Touring Projects 2023 - 2025

Of The Body

Of The Body is a musical dissection of sorts. Drawing inspiration from Renaissance art, music, and science, each movement of Dan Walker’s song cycle is devoted to an anatomical part: the eyes, the hands, the mouth, the feet, the blood, and finally, the heart. Of the Body traverses sex, sensuality, our flesh and blood; to exploring our corporeal form in a distinctly contemporary context.

6 unaccompanied voices; 1 hour no interval
Conducted by Roland Peelman AM

RED

DIRT

HYMNS

A hymnal to the country under our feet.

A living songbook more than four years in the making, Andrew Ford’s hymnal brings together the words of sixteen contemporary Australian writers – poets, essayists, and folksingers. Born in a time of fire and darkness, grief, and loss, and then fragile, tender hope, Red Dirt Hymns are songs of awe and praise, dedicated not to a god, but to the land.
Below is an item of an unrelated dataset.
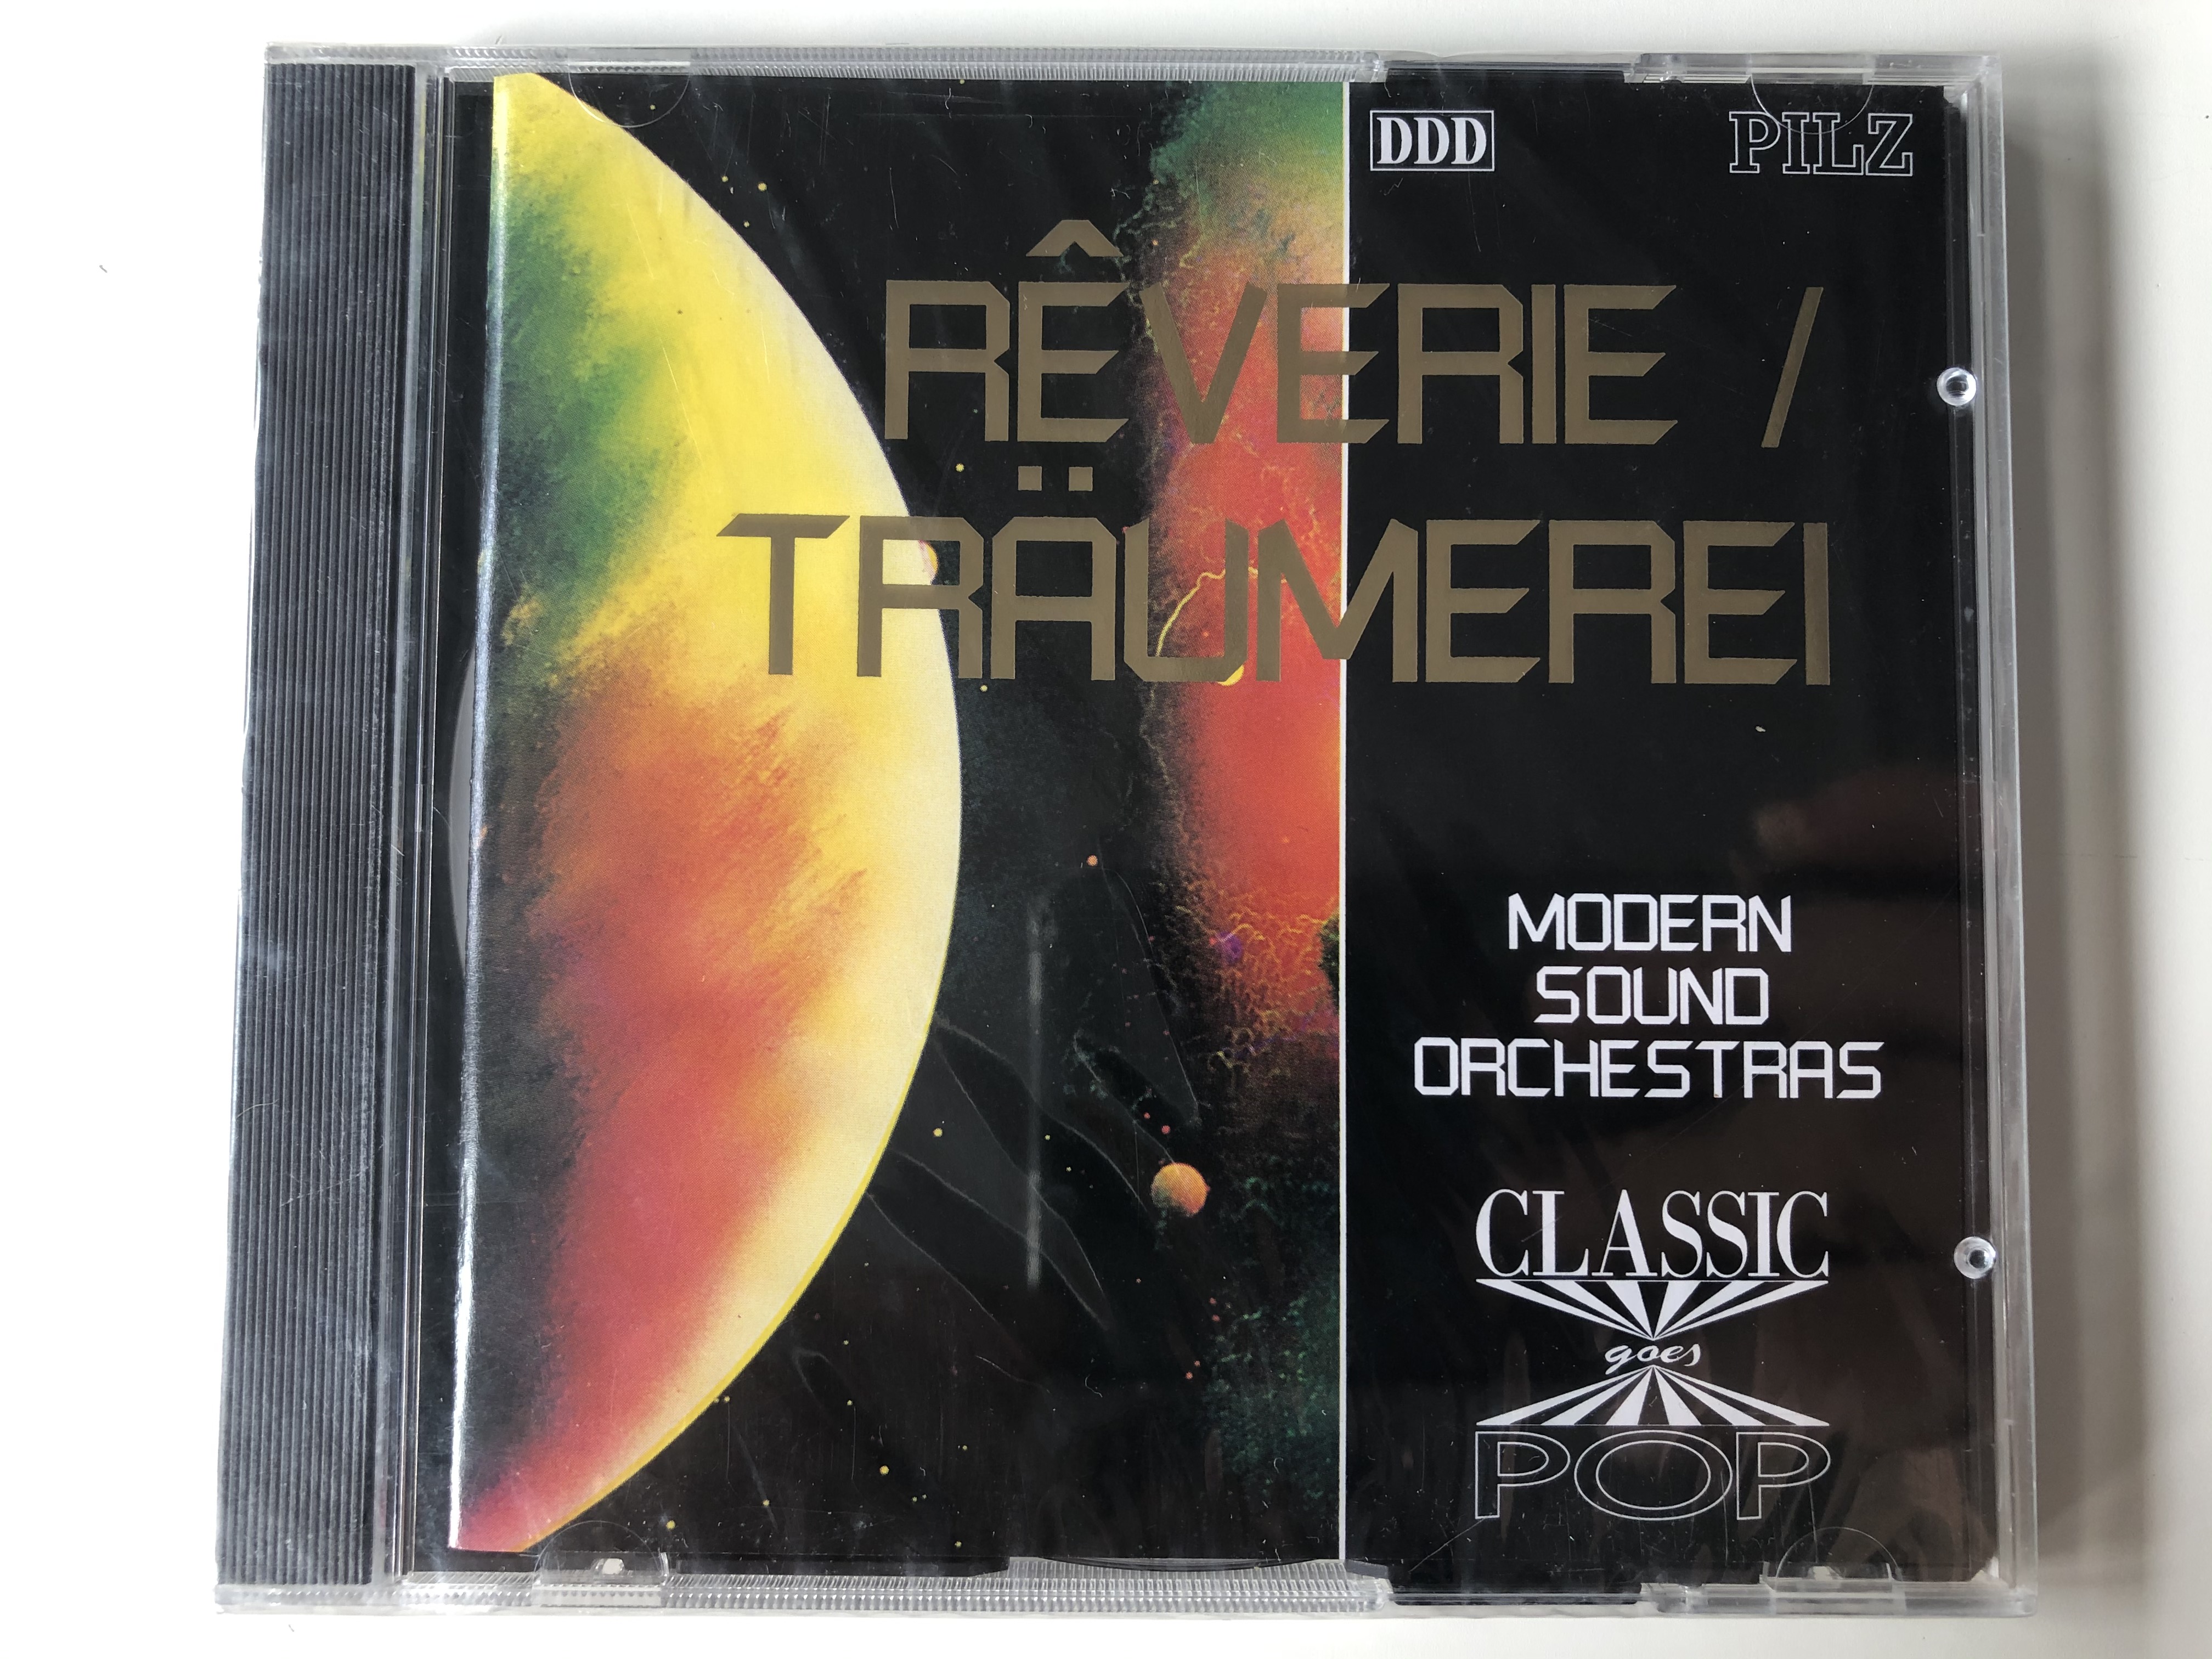 r-verietr-umerei-modern-sound-orchestras-classic-goes-pop-pilz-audio-cd-1992-44-5846-2-1-.jpg
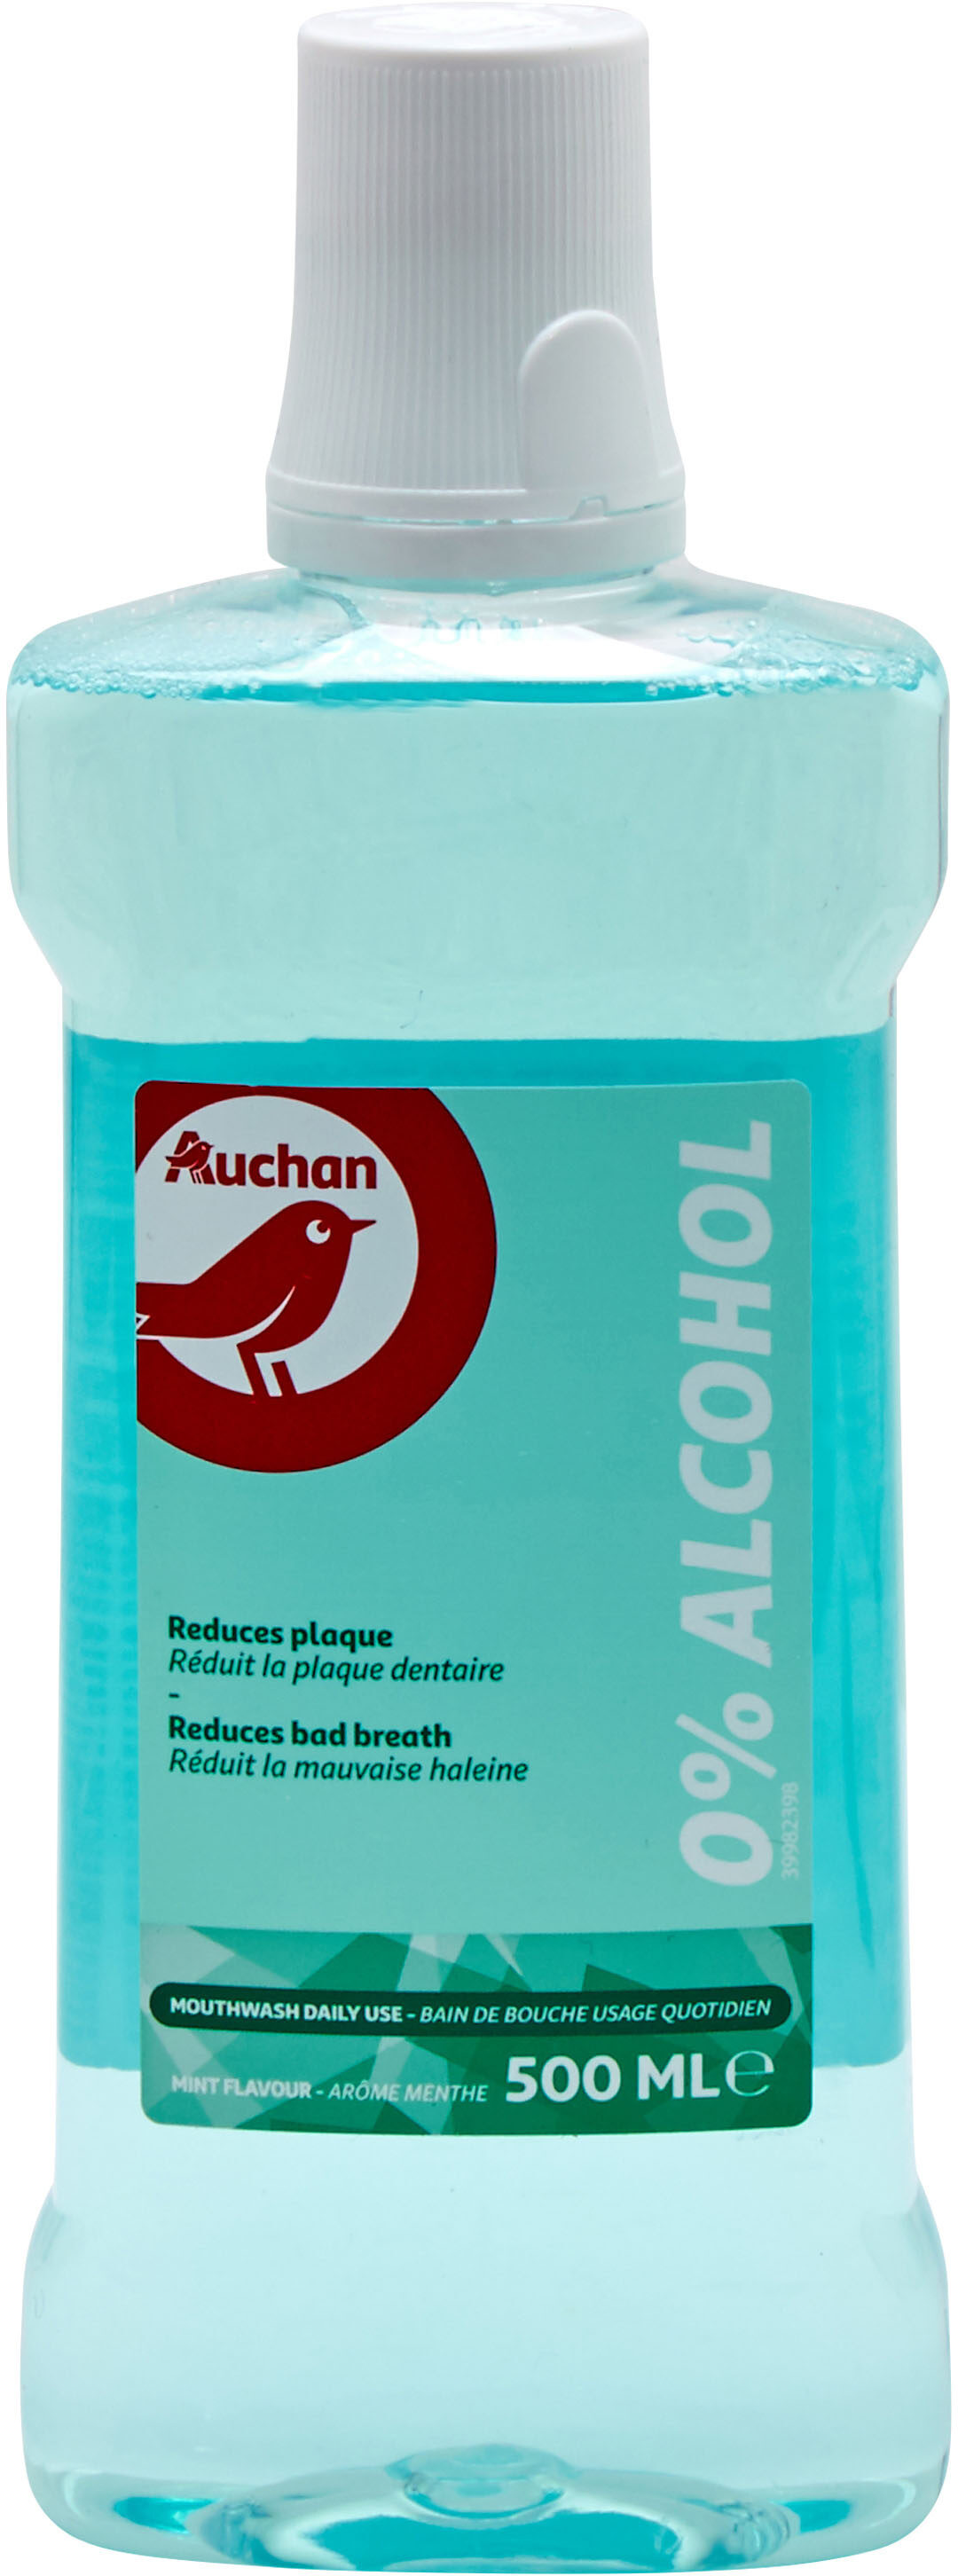 Auchan - bain de bouche - fraicheur 0% alcool - 500ml - Product - fr

6 amplified singers; electric guitar; amplified cello
projection (optional)
1 hour no interval
associated community workshops available

BLOOM

The first signs of spring are symbols of hope and promise, rebirth, and renewal. Of course, flowers and the motifs of spring are also reminders of life’s cycles. In the still life scenes of the Dutch masters, flowers denoted not only beauty, but decay and fragility; death, and loss. From Renaissance polyphony to contemporary classics, Luminescence Chamber Singers celebrate the happy season of spring, the blossoming flowers, the shifting tides, and reflect on transience, impermanence, the inexorable march of time, and climate crisis.
6 unaccompanied singers; 1 hour no interval

B.A.C.H.

In this concert of musical cyphers, Luminescence Chamber Singers join forces with guest artist Anna Freer (violin/voice) to perform Bach’s monumental Partita no.2 in D Minor, interwoven with some of Bach’s most beloved chorales. The concert culminates in a new arrangement of the Chaconne – a setting for voices and violin that reveals a tapestry of references to Bach chorales buried in bones of the Chaccone.

6 unaccompanied singers; violin

drawing breath

Luminescence Chamber Singers explore first breaths, last breaths, and music as diverse as the vast compass of human life and feeling in between: from Machaut and Gesualdo, to Pink Floyd, and newly commissioned works by Australian composers Brenda Gifford, Jess Green, and Dan Walker.